The Luftwaffe’s strategic bomber program had continued to stumble and there was little certainty that it would succeed. Although the Luftwaffe had rebuffed earlier attempts by aircraft companies to develop long-range strike missiles, the Army’s campaign to take away precious production resources to build their missile was enough to lead to a rival Luftwaffe missile program. Instead of a ballistic missile, the Luftwaffe selected a cruise missile design offered by Fieseler, the Fi-103. The Luftwaffe gave it the cover-name FZG-76 (Flakzielgerat 76), linking it to the innocuous Argus FZG-43 target drone. It would be better known in later years as the V-1. In contrast to the expensive A-4 ballistic missile, the FZG-76 was designed to be cheap to build and simple to operate, using a rudimentary pulse-jet engine and a small and simple airframe that could be manufactured by any aircraft plant. The design was so simple that test examples began to fly by October 1942. Hitler recognized that the FZG-76 program was an inexpensive alternative to the much riskier A-4 missile program, and both programs were allowed to continue in parallel through 1943.

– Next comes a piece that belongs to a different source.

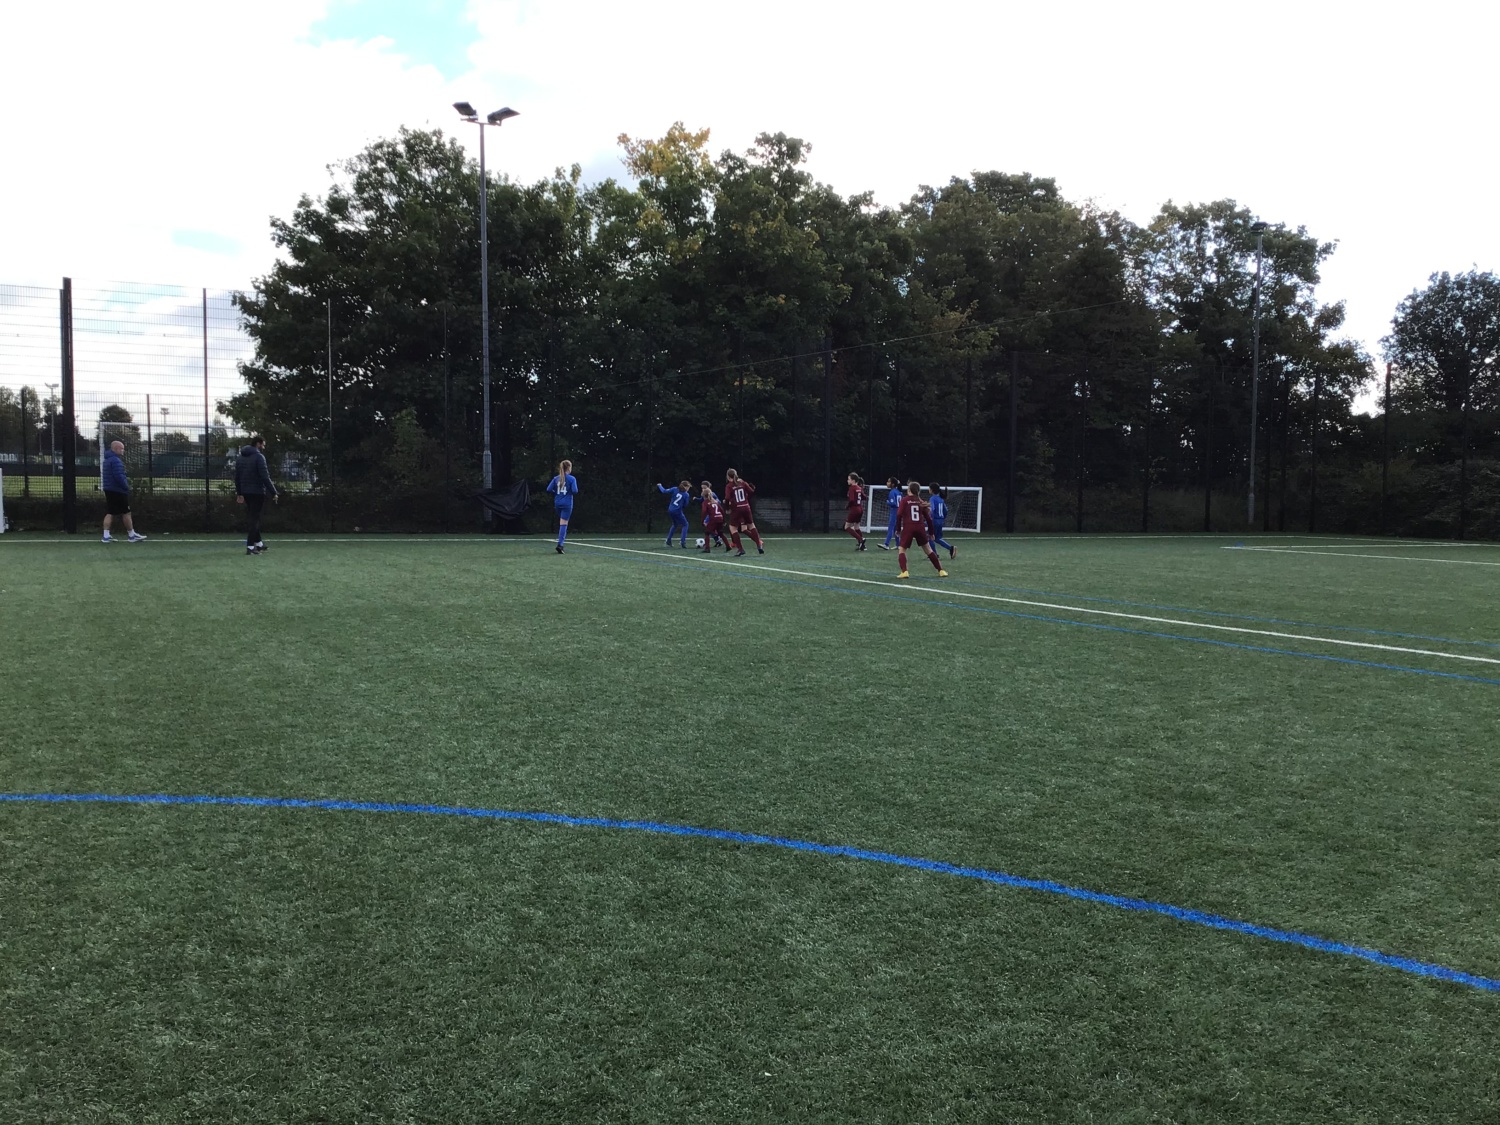 Two teams of students, in blue and red kits, playing football on a football pitch
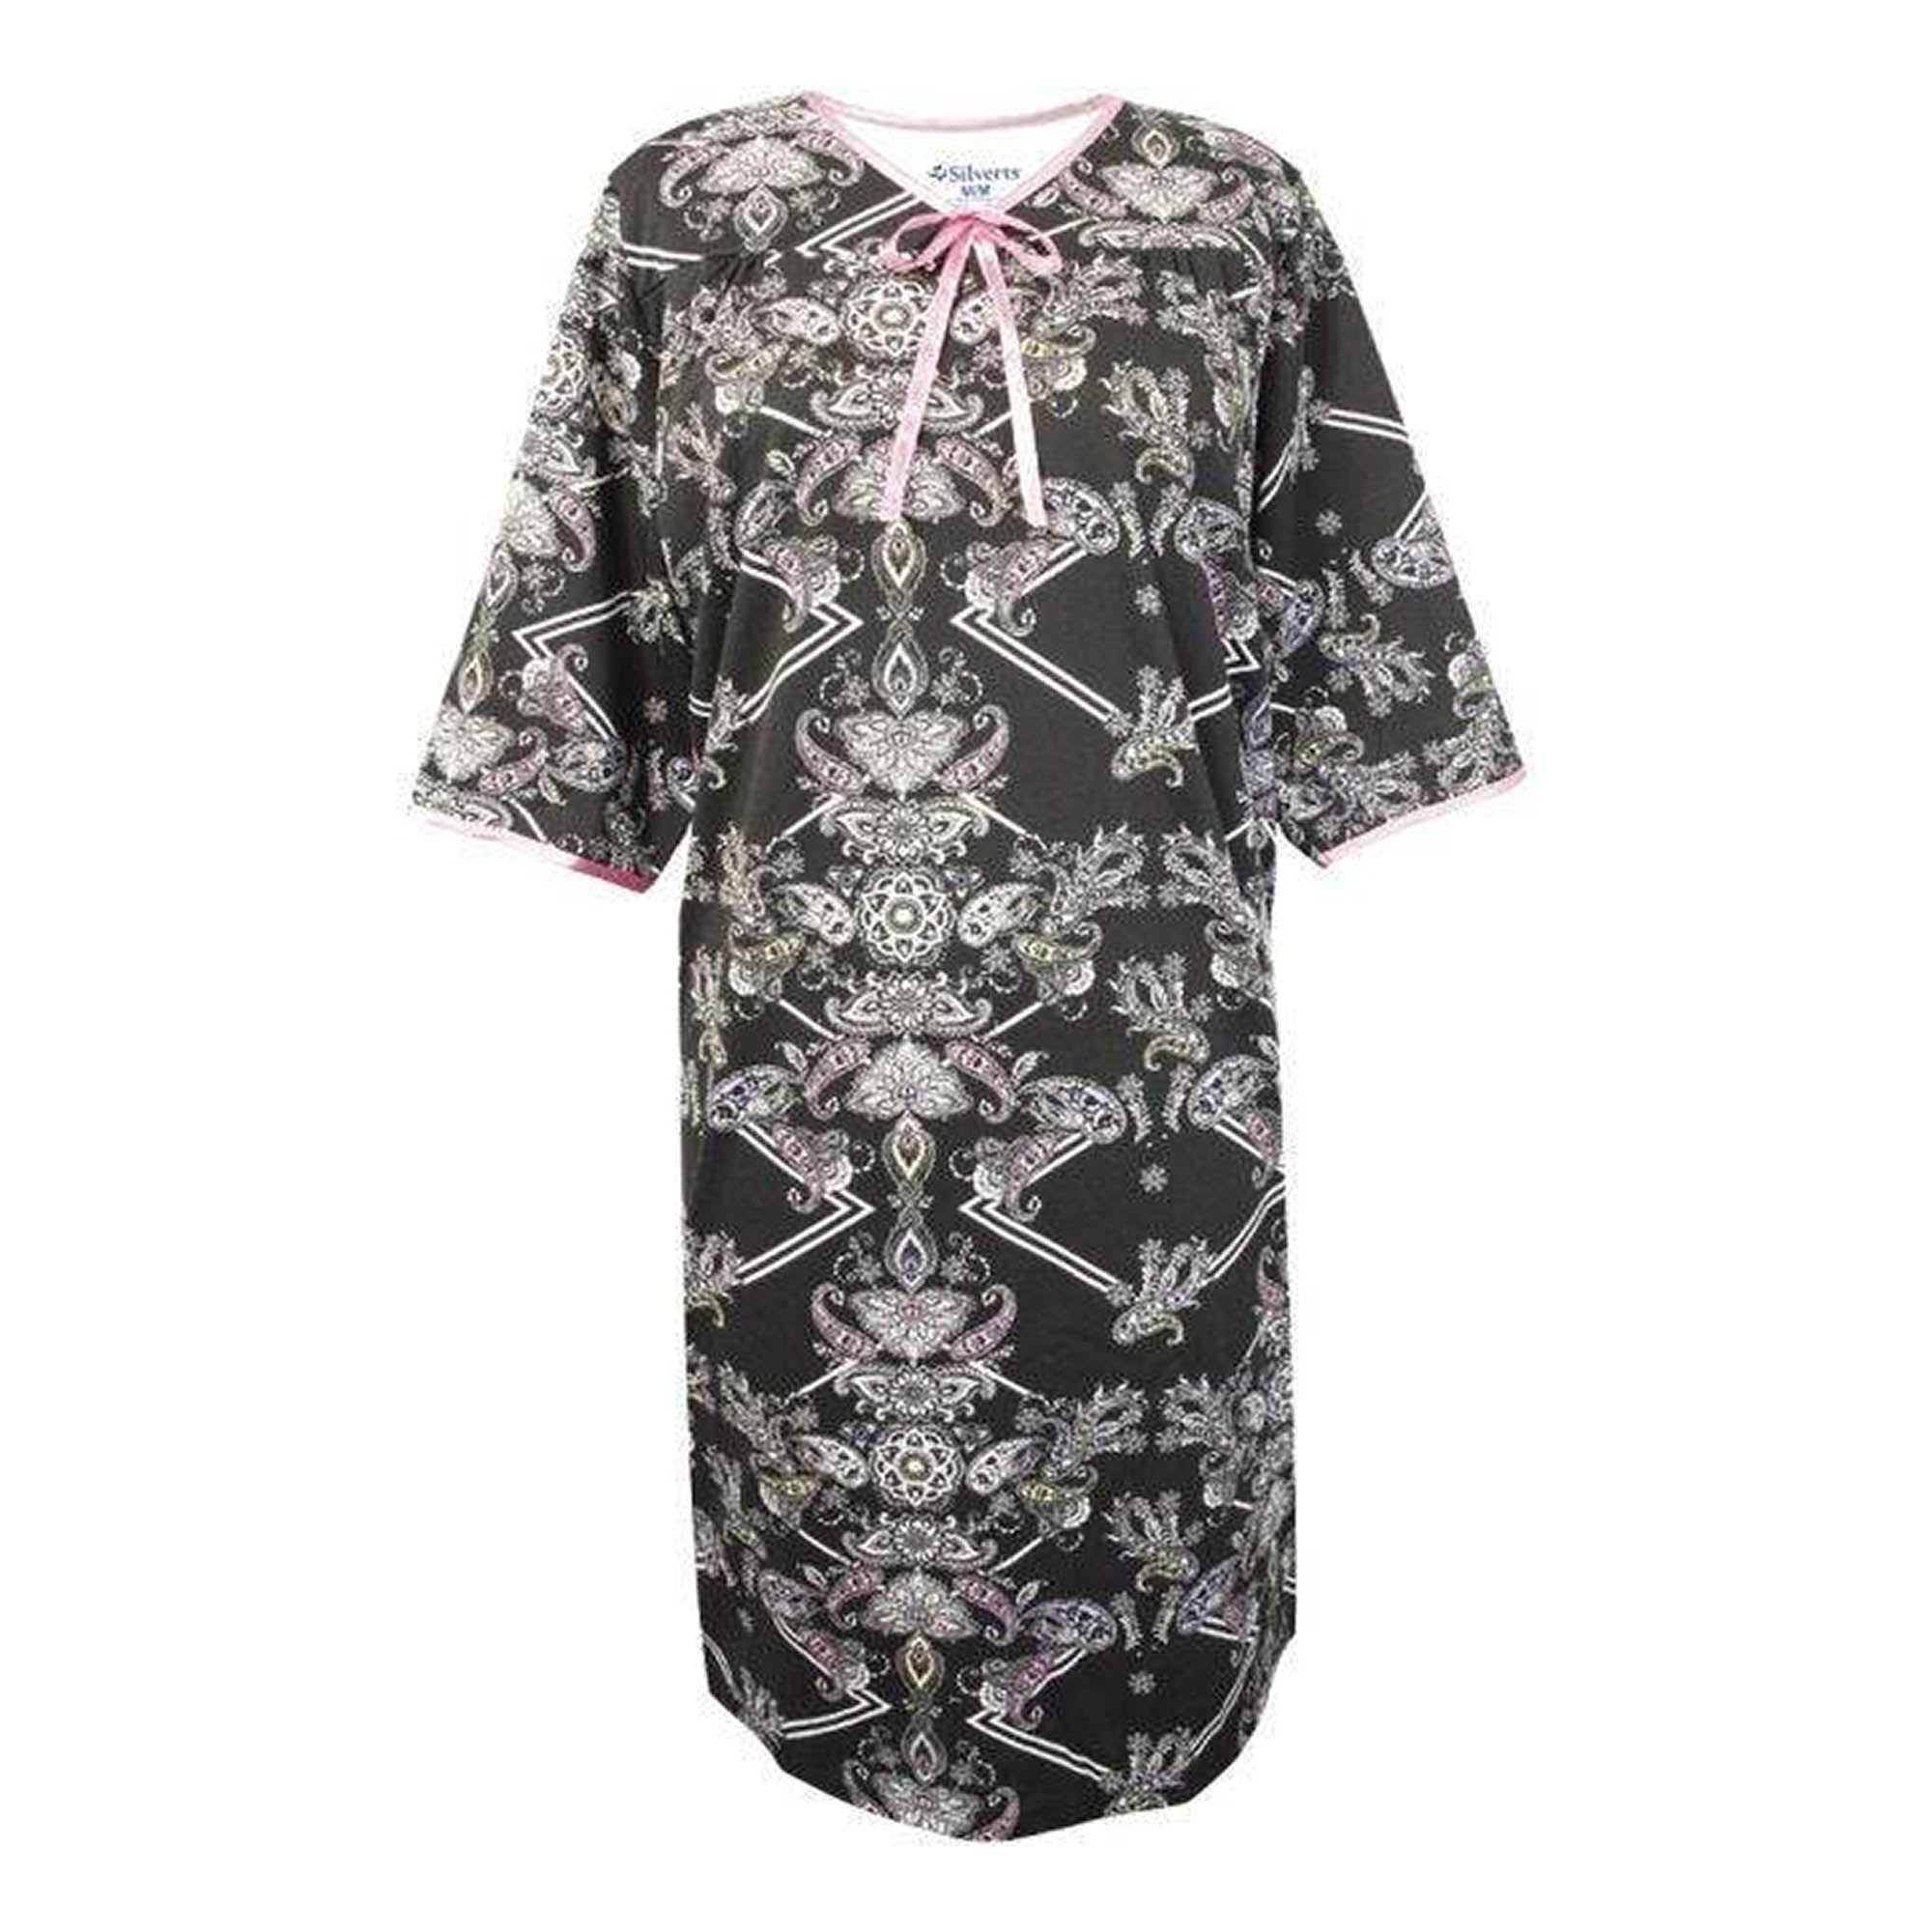 Silverts Women's Open Back Antimicrobial Nightgown - Adaptive Clothing - Perfect Paisley - L

Following the fall of France in 1940, the German Army deployed long-range artillery on the Pas-de-Calais to support the intended invasion of England. Although they could reach as far as some coastal cities such as Dover, they could not reach much beyond due to the limits of conventional artillery technology. In 1942, Eisenbahn-Artillerie Batterie 725 near Calais was assigned the task of testing a new extended-range rocket-assisted artillery projectile from one of its 280mm K5(e) guns that were intended to reach London. The test was a failure when the enormous propellant charge ripped the barrel apart. Although efforts continued to develop long-range projectiles, a more promising technology was also being explored by the Röchling plant, called the Hochdruckpumpe (HDP: high pressure pump), or Tausenfüßler (Millipede). Instead of using a single propellant charge at the breech of the gun, the pump gun used a sequence of smaller charges located in small chambers along the barrel’s 127m length. These were electrically fired as the projectile passed down the barrel, imparting energy more efficiently than a single charge. The aim was to develop a weapon capable of firing a 140kg projectile to a range of 165km. While this projectile was not as large as the warhead in a V-1 or V-2 missile, the presumption was that the low cost and volume of fire would make up for the relatively small payload. A sub-scale 20mm prototype was tested at a proving ground in Misdroy (now Miedzydroje, Poland) in April–May 1943, and the project attracted Hitler’s attention. In August 1943, he authorized the construction of a 50-gun HDP battery in France to supplement the missile campaign against London. This gun battery would have a theoretical rate of fire of one shot per tube every minute, or 600 rounds per hour, and 20,000 rounds per month. Although the rounds were much smaller than the missiles, the sheer volume of fire was enough to excite Hitler’s enthusiastic support. The full-scale prototype of the weapon was completed at the Wehrmacht’s Hillersleben artillery proving ground in October 1943.